Architect and Build Big Data Applications

Architect and Build Big Data Applications

Video Training

With datasets growing increasingly large, the need for custom data solutions has soared as well. This Learning Path will take you through the entire process of designing and building data applications that can visualize, navigate, and interpret reams of data. Get a thorough introduction to the most important tools in the big data ecosystem.

Below are the video training courses included in this Learning Path.


Introduction to Big Data

Presented by Vladimir Bacvanski 2 hours 58 minutes

Start your exploration of big data, Hadoop, NoSQL, and related technologies here. You’ll learn what big data is and how to process it with MapReduce and Hadoop, including several ways to program big data applications. You’ll also cover NoSQL stores and their best uses and then conclude with NoSQL in the enterprise.


Learning Apache Cassandra

Presented by Ruth Stryker 8 hours 6 minutes

Apache Cassandra is a distributed database management system for handling large amounts of data across many commodity servers. Get a solid understanding of Cassandra as you learn to use it for your own development projects. Begin with the basics of installing and communicating with Cassandra, then learn to create an application, work with clusters, and more.


Introduction to Apache Kafka

Presented by Gwen Shapira 2 hours 55 minutes

Currently one of the hottest projects across the Hadoop ecosystem, Apache Kafka is a distributed, real-time data system that functions in a manner similar to a pub/sub messaging service, but with better throughput, built-in partitioning, replication, and fault tolerance.
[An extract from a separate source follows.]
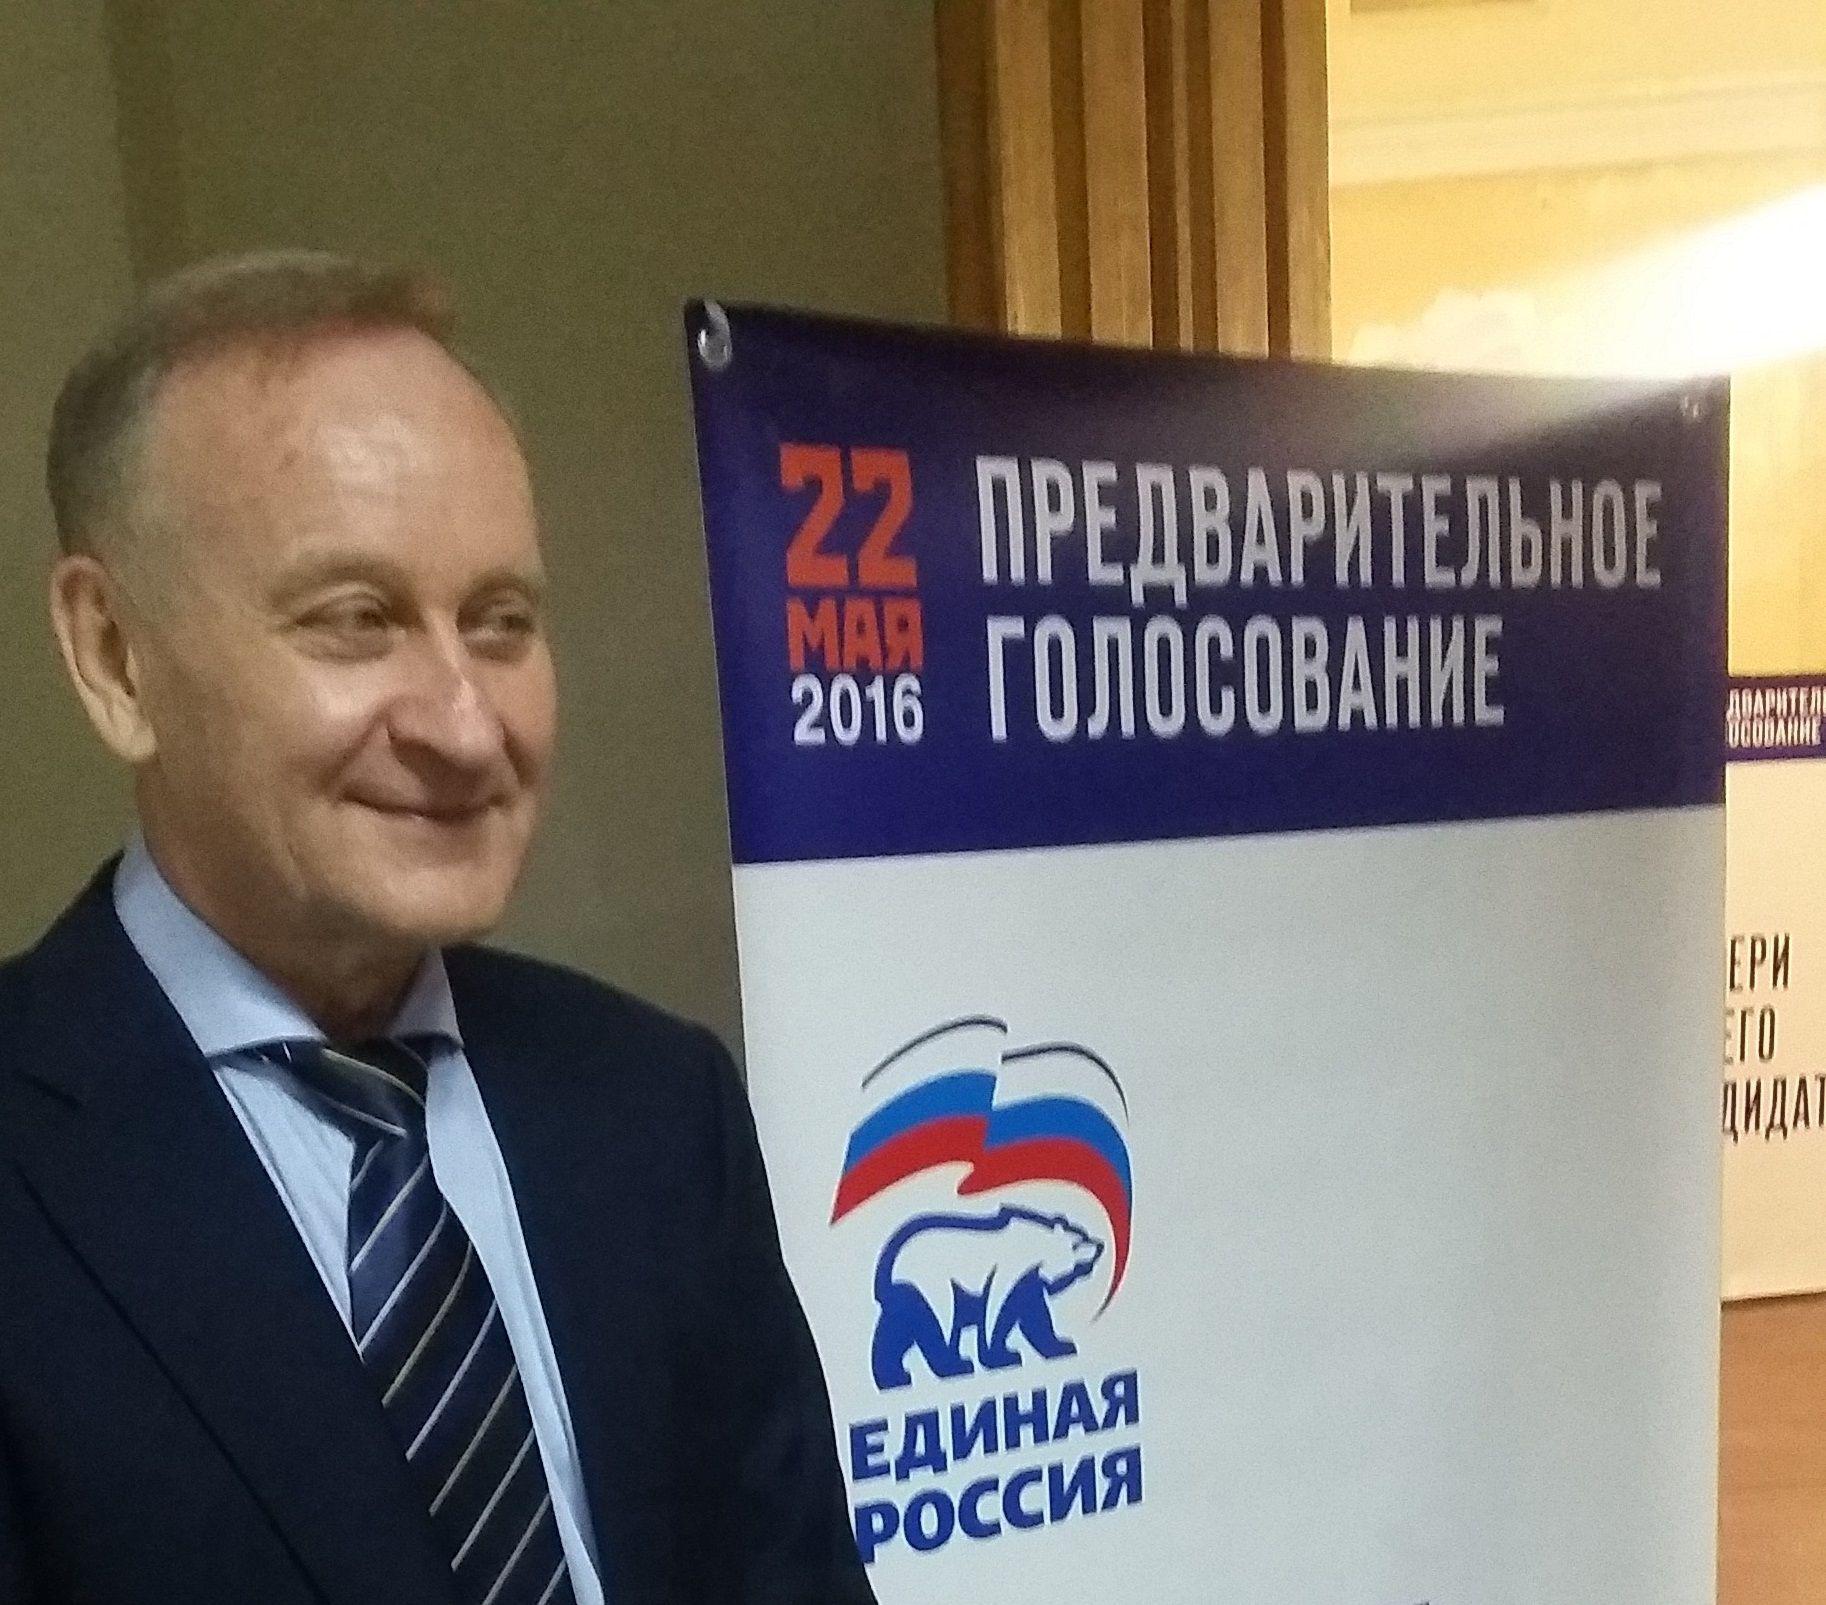 Геннадий Лазарев: Избиратели всегда отдавали предпочтение тем, кому верят
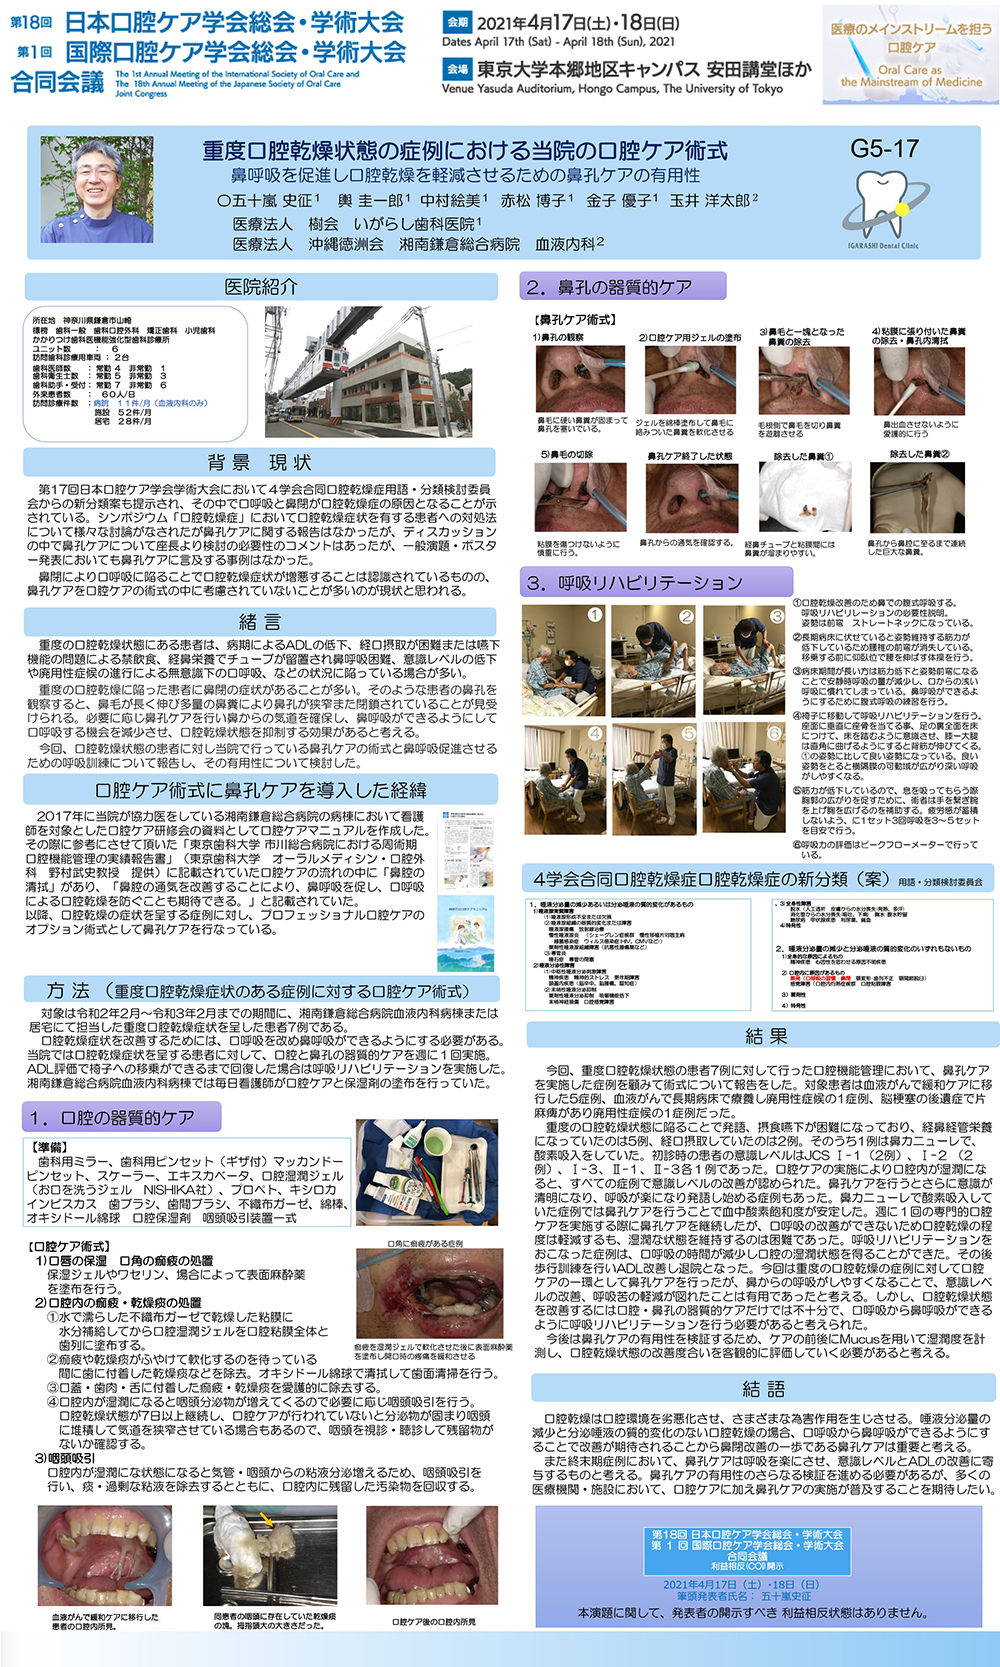 『重度口腔乾燥状態の症例における当院の口腔ケア術式』のポスター

In this course, you’ll learn how to integrate Kafka into a data processing pipeline and become familiar with the entire Kafka ecosystem.


Introduction to Apache Spark

Presented by Paco Nathan 4 hours 46 minutes

Get up to speed on Apache Spark for building big data applications in Python, Java, or Scala. This course teaches you how to explore data and apply algorithms with MLlib, GraphX, and Spark SQL. You’ll learn Spark and its core APIs by doing hands-on technical exercises with presenter Paco Nathan.


Building Big Data Platforms

Presented by O'Reilly Media, Inc. 5 hours 45 minutes

What kinds of platforms have Netflix, LinkedIn, CERN, and PayPal constructed to handle big data operations unique to their businesses? And how can you apply some of these solutions to your own business? This course presents case studies from a variety of organizations that will be helpful as you build your own big data infrastructure.


Architectural Considerations for Hadoop Applications

Presented by Mark Grover, Gwen Shapira, Jonathan Seidman, and Ted Malaska 2 hours 31 minutes

Implementing solutions with Apache Hadoop requires understanding not just Hadoop, but a broad range of related projects in the Hadoop ecosystem such as Hive, Pig, Oozie, Sqoop, and Flume. Using Clickstream analytics as an end-to-end example, you see how to architect and implement a complete solution with Hadoop.


An Introduction to Time Series with Team Apache

Presented by Patrick McFadin 3 hours 50 minutes

As it becomes easier to create data, we’re faced with the need to collect and analyze at scales never seen before. Learn how to solve time-series data problems with technologies from Team Apache: Kafka, Spark and Cassandra. Using these technologies, you’ll work with an example weather collection network and the challenges it can produce.